Antlr4 polynomial grammar - 2020 update
Antlr4
A few years back I was playing with Antlr to build a polynomial evaluator. The result was working but not very sofisticated o particularly good, just a minimal working example. In these days of quarantine in Italy, I decided to get back a that project and try to make something better. The final result can be found at this repo.
Just quick remainder on what is Antlr:
Antlr4 is a powerful parser generator for reading, processing, executing, or translating structured text or binary files. It's widely used to build languages, tools, and frameworks. From a grammar, ANTLR generates a parser that can build and walk parse trees.
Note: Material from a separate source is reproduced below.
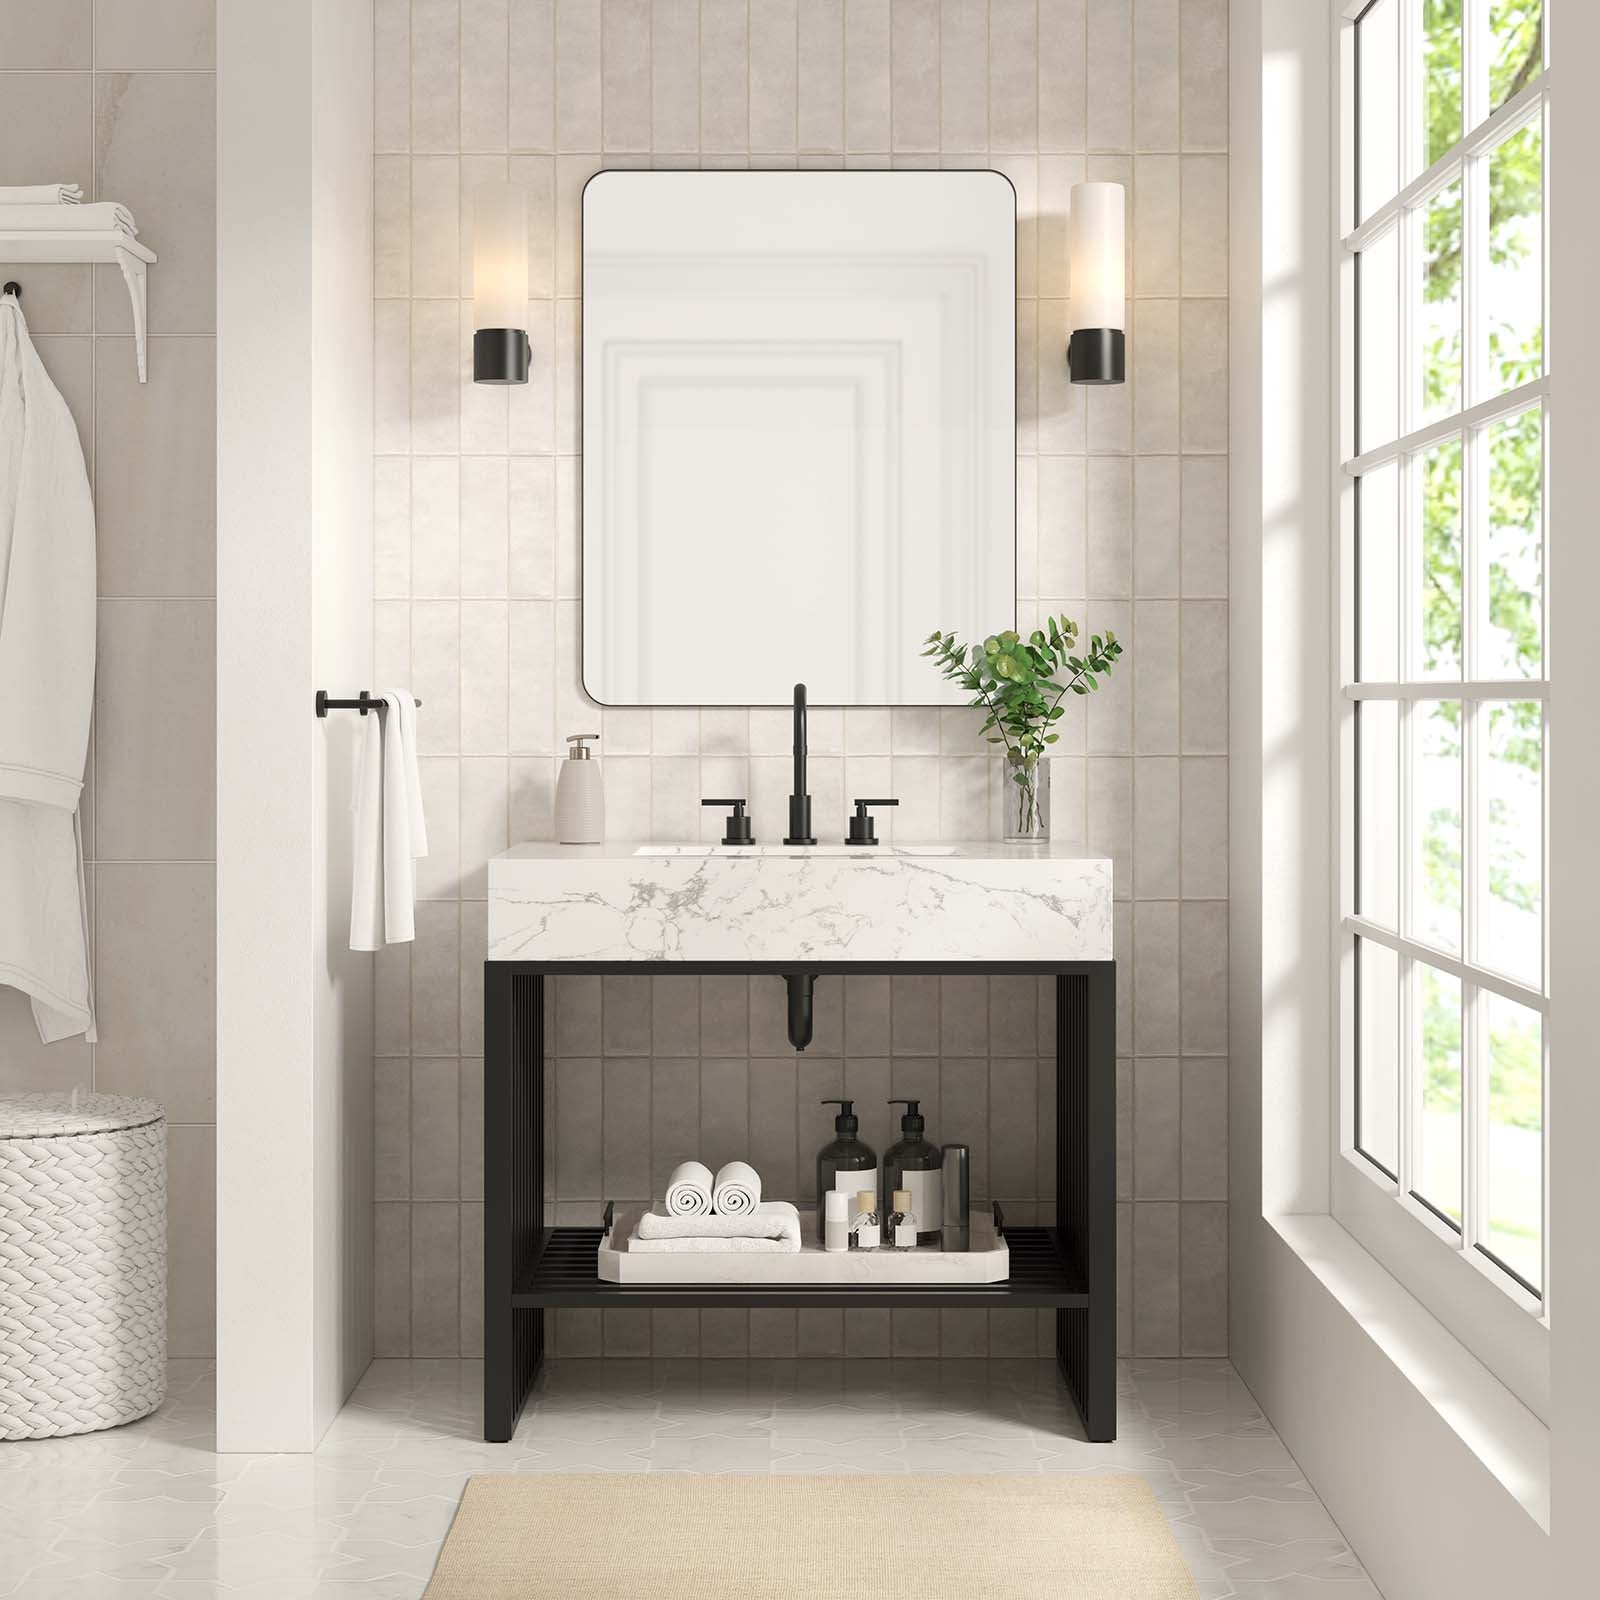 Gridiron 36" Bathroom Vanity-Bathroom Vanity-Modway-Wall2Wall Furnishings

The getting started guide it's almost everything you need in order to make it work. A very useful guide is the one written by Tomassetti at The ANTLR mega tutorial.
Polynomial model
In order to properly parse and evaluate a polynomial, we have to represent it first in a convenient way. I want to be able to represent polynomial with multiple variables. I went for a simple tree like data structure with different type of nodes:
- AddNode
- PowerNode
- ProductNode
- SubtractNode
- VariableNode
This is how we will represent in memory a simple polynomial:
Each node has an eval method that accepts a Dictionary<char,double>
, one value for each variable in the polynomial. Let's see the INode interface and the AddNode class
In a similar way I defined the other node types. It's easy but cumbersome to use the nodes type to manually build the polynomial x^2+5x+1
from the example
var p = new AddNode(AddNode(PowerNode(new VariableNode(x),new ConstNode(2)),ProductNode(new ConstNode(5),new VariableNode(x))),new ConstNode(1));
Luckily for us we will not be doing anything like that because we will use ANTLR to build for us the polynomial representation from the string x^2+5x+1
. Now let's look at the grammar definition
grammar Polynomial;
expr : OP expr CP #parenExp
| <assoc=right> expr POWER expr #power
| expr PROD? expr #prod
| expr (PLUS|MINUS) expr #plusminus
| VAR #var
| NUM #const;
CP : ')';
OP : '(';
PLUS : '+';
MINUS : '-';
PROD : '*';
POWER : '^';
NUM : [0-9.]+;
VAR : [a-z];
WS : ' ' -> skip;
I'm absolutely no expert for what concerns ANTLR, parser and grammars so please take all that follows with a grain of salt. The structure of the file is something like [Id] : [matching rule];
, the lines with UPPERCASE identifiers are the tokens, ANTLR will read the text and recognize all the tokens and then use them to build the tree. Eg:
Text | Tokens |
---|---|
x^2 | VAR POWER NUM |
x+1 | VAR PLUS NUM |
(x-2) | OP VAR MINUS CP |
The lines with lowercase identifiers are the parser rules, we have one rule expr
with several cases. The #[text]
at the end of each line is an alias for that case and it will be useful while implementing the visitor since for each label ANTLR will generate a specific Visit method, such as VisitVar
and VisitConst
.
Starting from the bottom:
- const : this rule will recognize a number such as
1
or2
or1.5
- var : this rule will recognize a variable such as
x
,y
orz
- plusminus : this rule is slightly more complex since it is recursive,
expr
could be any of the other cases, listed below or above. It is going to matchexpr PLUS expr
such asx+y
orx+1
expr MINUS expr
such asx-5
- prod : this rule will recognize
xy
orx*y
or5x
- power: this rule has
<assoc=right>
at the beginning, what's the difference with the other rules? That modifier is required because ANTLR is left associative by default, ie it builds the tree consideringx+y+z = (x+y)+z
. Exponentiation however is right associative, iex^y^z= x^(y^z)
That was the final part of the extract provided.